Nombreux sont les cantons alémaniques qui remettent en question l'apprentissage des langues dès l'école primaire. Le français, qui est généralement inscrit dans le programme scolaire comme une deuxième langue étrangère après l'anglais, est sur la sellette. Les enseignants et les politiques parlent d'élèves surmenés.
Les enseignants pointés du doigt
Le linguiste Daniel Elmiger pense que le cœur du problème vient d'ailleurs. Dans son nouveau livre («Les problèmes de l'enseignement des langues étrangères en Suisse – qu'en est-il des langues nationales?»), il pointe plutôt du doigt les compétences des enseignants du primaire.
Daniel Elmiger enseigne entre autres à l'Université de Genève et est actif dans la formation initiale et continue des enseignants. Dans son livre, il émet des critiques acerbes contre le système actuel d'enseignement des langues étrangères, contre les enseignants et aussi contre la Conférence des directeurs cantonaux de l'instruction publique (CDIP).
Le français: une matière frustrante?
Daniel Elmiger raconte son quotidien professionnel: «Il est plutôt rare que je parle avec des enseignants motivés et sûrs d'eux, qui font leur travail avec plaisir et succès.» Au lieu de cela, l'enseignement semble souvent sans plaisir, sans «motivation interne». Le français devient ainsi rapidement une «matière haïe», tant par les enseignants que par les élèves.
Et cela se voit dans les résultats. Une enquête de la CDIP réalisée en 2016 et 2017 a examiné pour la première fois à l'échelle nationale si les compétences de base en matière d'acquisition de la langue étaient atteintes à la fin du degré primaire. Selon les statistiques, seulement 65,2% des élèves y sont parvenus lors d'une compréhension de texte en français.

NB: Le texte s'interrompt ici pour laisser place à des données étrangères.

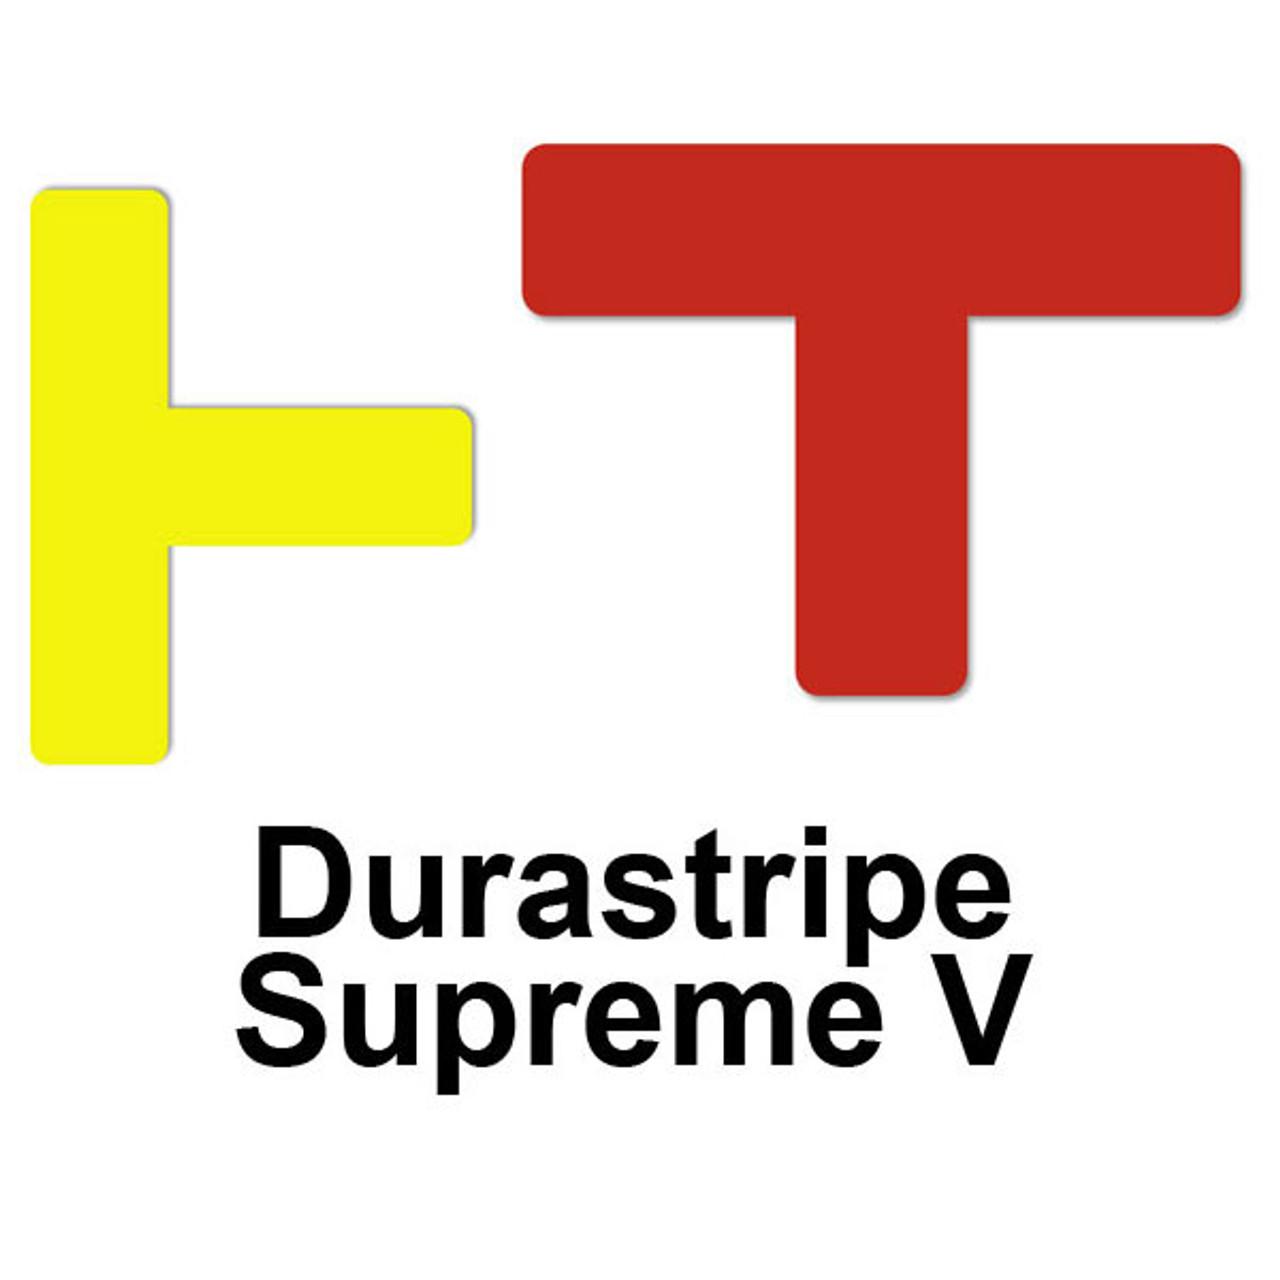 Durastripe Supreme V Rounded T's

Dans les cantons plurilingues, les valeurs sont en général un peu plus élevées. A titre de comparaison, le taux de réussite était de 86% pour une évaluation équivalente en anglais. Mais alors comment expliquer cette différence?
Le français a du mal à s'imposer, en particulier en Suisse orientale, écrit Daniel Elmiger. L'anglais vient en premier, rabaissant le français au statut de deuxième choix. Les langues nationales perdent ainsi de leur importance: «En dehors des régions linguistiques, les langues nationales jouent de plus en plus un rôle secondaire.» L'une des conséquences est que l'anglais est de plus en plus utilisé pour la communication entre les régions linguistiques.
Des professeurs incompétents
Mais les enseignants jouent également un rôle central. «Cela devient surtout difficile lorsque l'on constate que les personnes censées enseigner une langue étrangère ne la parlent pas suffisamment bien», juge le linguiste. C'est justement dans le domaine de l'école primaire que cela se produit le plus souvent, alors qu'une approche orale et décontractée serait particulièrement importante.
Le jugement du professeur Elmiger sur l'enseignement des langues étrangères en Suisse est clair: «L'enseignement du français en Suisse alémanique devrait être repensé». L'enseignement de l'allemand en Suisse romande est également mal noté dans son analyse – les résultats seraient même misérables.
Daniel Elmiger voit une part de responsabilité dans les cantons et la CDIP. Ceux-ci ne sont ni en mesure ni désireux de changer fondamentalement la situation. Le professeur de l'UNIGE souhaite avant tout une meilleure coordination de la part de la CDIP. Il faudrait également des règles plus claires en ce qui concerne l'attestation des compétences linguistiques des enseignants: «Les lignes directrices de la CDIP sont contournées de différentes manières, par exemple en détournant la note de maturité de son but initial, à savoir attester d'un niveau de compétences.»
Comprendre plutôt que de supprimer
Et que dit la CDIP à ce sujet? Interrogé, son porte-parole Stefan Kunfermann calme le jeu: «Les discussions actuelles sur l'enseignement des langues étrangères sont également suivies de près dans le cadre de la CDIP.» La mise en œuvre de l'enseignement des langues relève toutefois de la compétence des cantons. La CDIP soutient ces efforts par des recommandations, des publications, des colloques et des travaux en réseau.
Malgré tout, Daniel Elmiger estime que tirer la prise sur l'apprentissage précoce du français n'est pas la bonne solution. «Avant de supprimer purement et simplement l'enseignement du français au niveau primaire, il faudrait mieux comprendre pourquoi il est si impopulaire et controversé», déplore-t-il à Blick. Daniel Elmiger craint que le fait de négliger la langue nationale ne conduise à un éloignement croissant des régions linguistiques. Cela pourrait devenir un problème, car «la Suisse se définit par son plurilinguisme.»